Initialize the voicemail detector with classification and buffering components.

Parameters:

llm – LLM service used for voicemail vs conversation classification. Should be fast and reliable for real-time classification.
voicemail_response_delay – Delay in seconds after user stops speaking before triggering the voicemail event handler. This allows voicemail responses to be played back after a short delay to ensure the response occurs during the voicemail recording. Default is 2.0 seconds.
custom_system_prompt – Optional custom system prompt for classification. If None, uses the default prompt optimized for outbound calling scenarios.
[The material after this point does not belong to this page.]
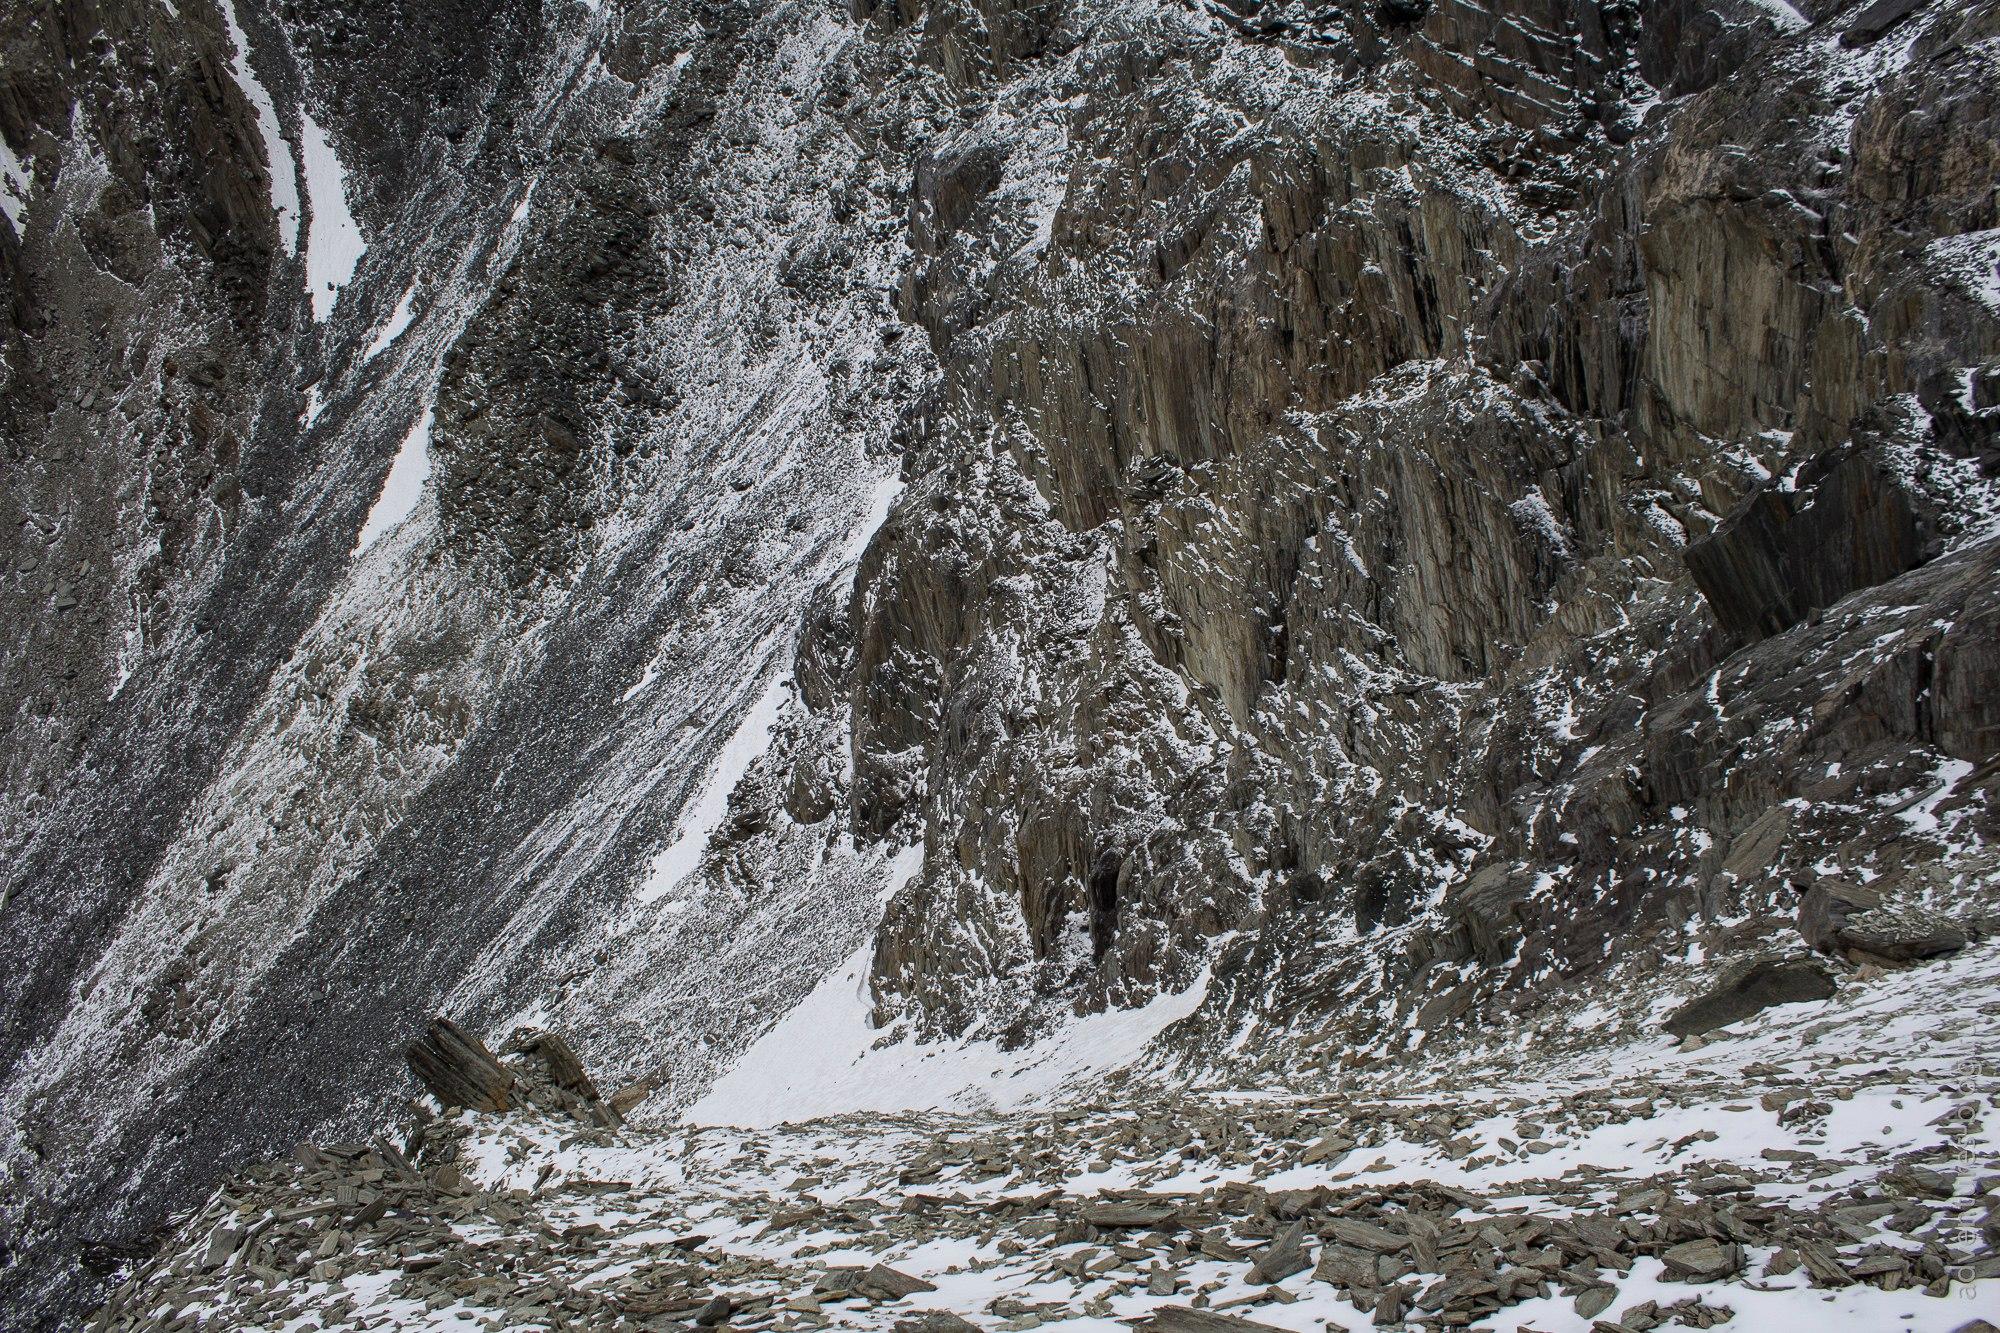 Спуск с перевала Абыл-оюк

Custom prompts should instruct the LLM to respond with exactly “CONVERSATION” or “VOICEMAIL” for proper detection functionality.

detector() → VoicemailDetector[source]

Get the detector pipeline for placement after STT in the main pipeline.

This should be placed after the STT service and before the context aggregator in your main pipeline to enable voicemail classification.

Returns:: The VoicemailDetector instance itself (which is a ParallelPipeline).

gate() → TTSGate[source]

Get the gate processor for placement after TTS in the main pipeline.

This should be placed after the TTS service and before the transport output to enable TTS frame gating during classification.

Returns:: The TTSGate processor instance.

add_event_handler(event_name: str, handler)[source]

Add an event handler for voicemail detection events.

Parameters:

event_name – The name of the event to handle.
handler – The function to call when the event occurs.